I have found that people prefer the lie to the truth.
For example, a very simple lie that I have given is that I did not marry Harris, due to the fact that he is a fool. It's true that he is a fool—in fact, I have met horses far more enthralling than him. But the true reason I did not marry him is because Harris is not the one my heart burns for.
Here is another lie. I often tell my father, when I go out into the countryside, that I am going to write. My wonderful father does not inquire further, as he is used to my writing proclivities by now.
The truth is that, sometimes, I go out to meet the young woman with the box.
She's always reading a book, pretending not to see me. To grab her attention ,I tap her shoulder, or call her name (I kissed her on the cheek once, but only as a joke).
She tells me about her adventures on other planets. How she outdrunk a Nimon, and how she and her friend Me got lost in a haunted school and had to fight their way out, and how she once lost her greatest friends.
After one of these talks, I begged her to take me on a trip. The woman resisted, but one time, she relented.
“Tell no one,” she said. I promised.
That night, I saw wonders I have never seen again.
For seven days, I told no one. Then, a publisher came to my house. My dreams of writing would be fulfilled, for a price.
“Anything,” I said.
“Tell me about the girl,” he said.
Had I more sense, I would have wondered why he knew about the girl. But I was a silly and stupid, and lusted to be a writer. So I looked into his blood-red eyes, and spilled everything.

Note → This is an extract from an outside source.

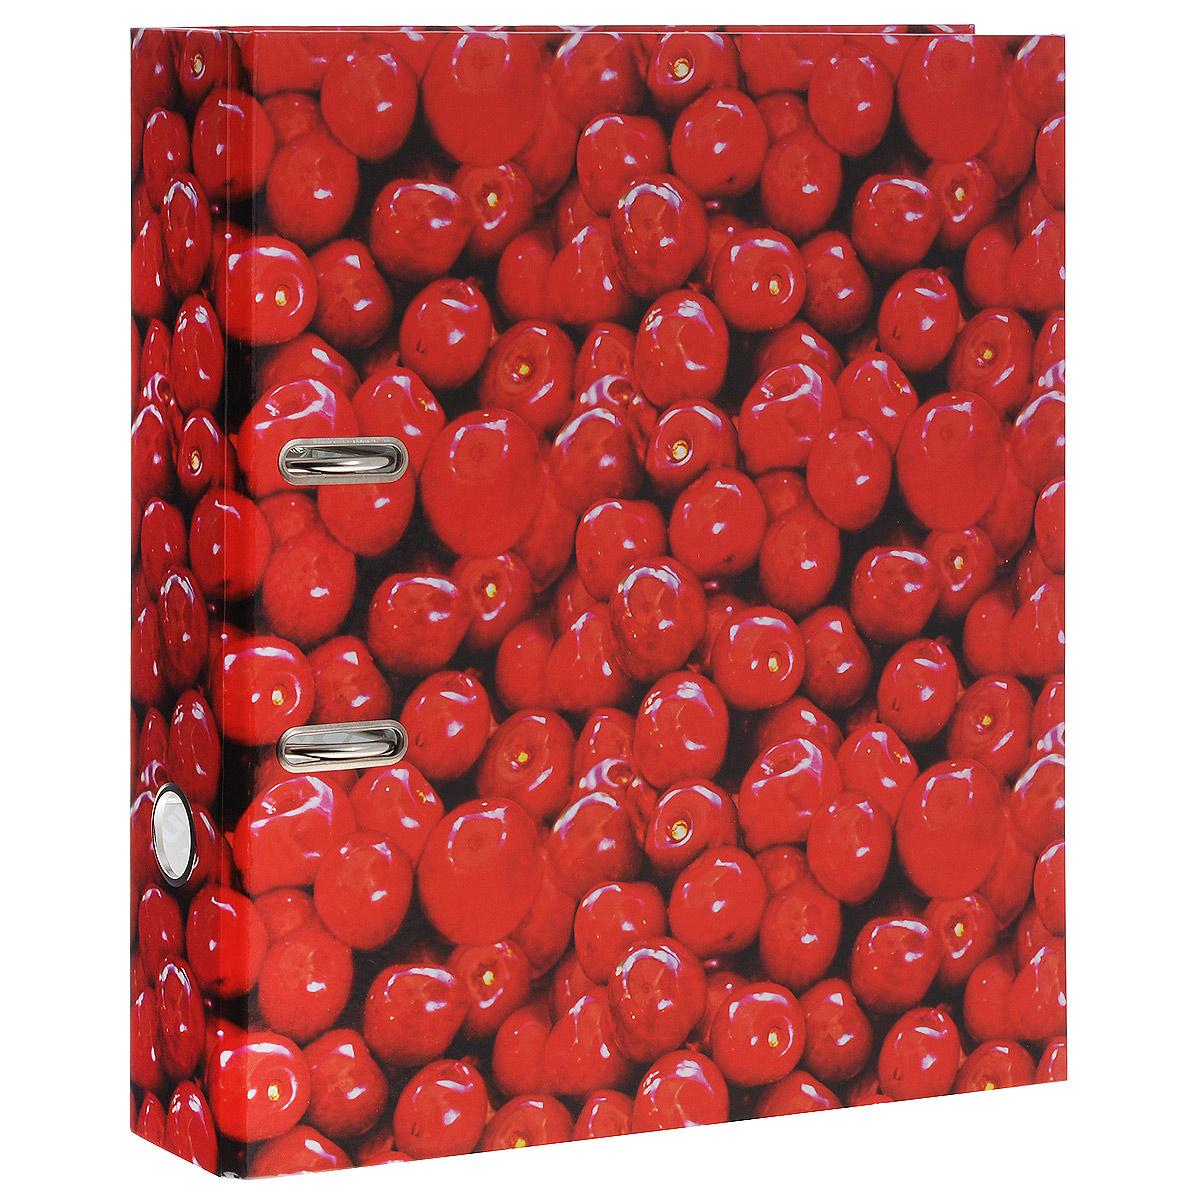 Папка-регистратор Вишня, ширина корешка 70 мм, цвет: красный. IN111103 папка регистратор hatber red on black ширина корешка 70 мм цвет черный красный
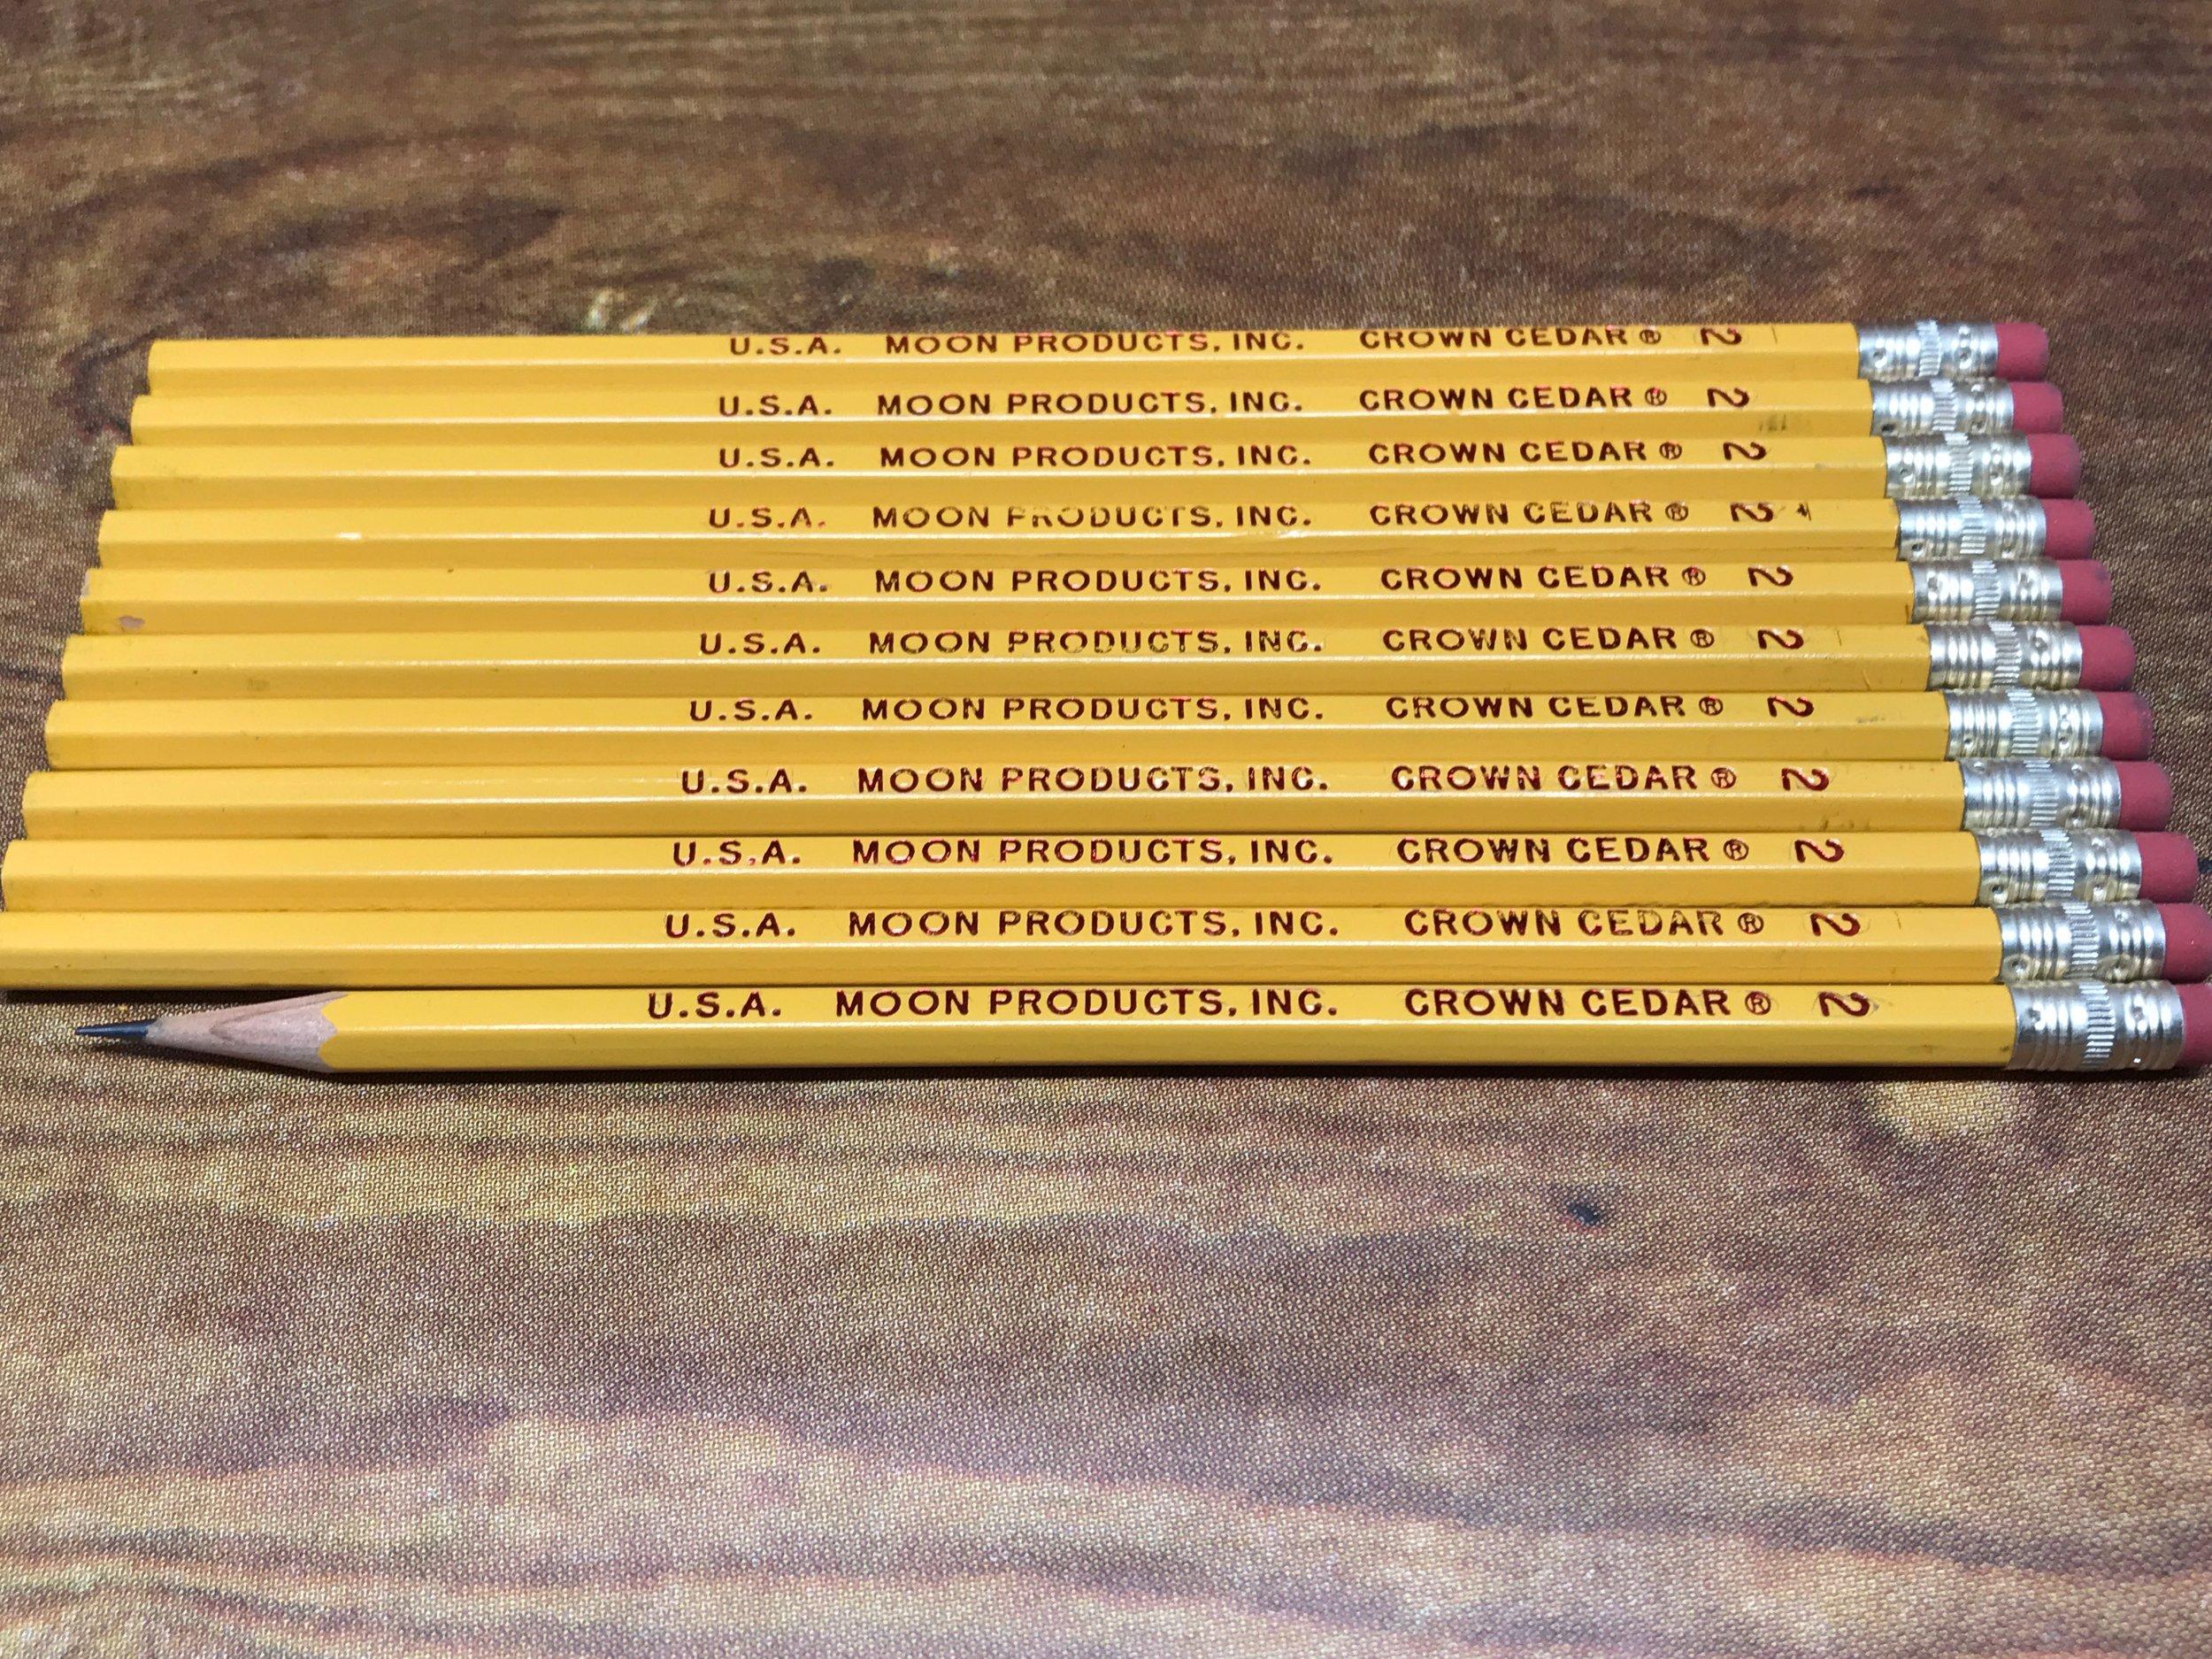 moon-products-crown-cedar-pencil-4.jpg

The next day, I found the girl. Her large eyes were bursting with tears.
“You lied to me. Now they know where I am. I should have never let you travel with me,” said the girl.
“I'm sorry,” I said, but I could see that the damage was done.
“I'm sorry too. I can't let you remember me. Close your eyes,” the girl said. I obeyed, and felt soft lips on mine.
And now, I must confess that I have been lying. For I cannot remember this girl's name, and there is no record of the man who asked me about the girl. Was this just a fiction? My father thinks so, as he blames my recollections on “too much imagination.”
I am alone among the trees, my dear diary. The wind has begun to pick up, and the witching hour approaches. I desperately await girl, who I fear either does not exist, or does not wish to see me anymore.
In the distance, I think I see the faint outline of a grey box.
Then again, I may be lying to myself, no?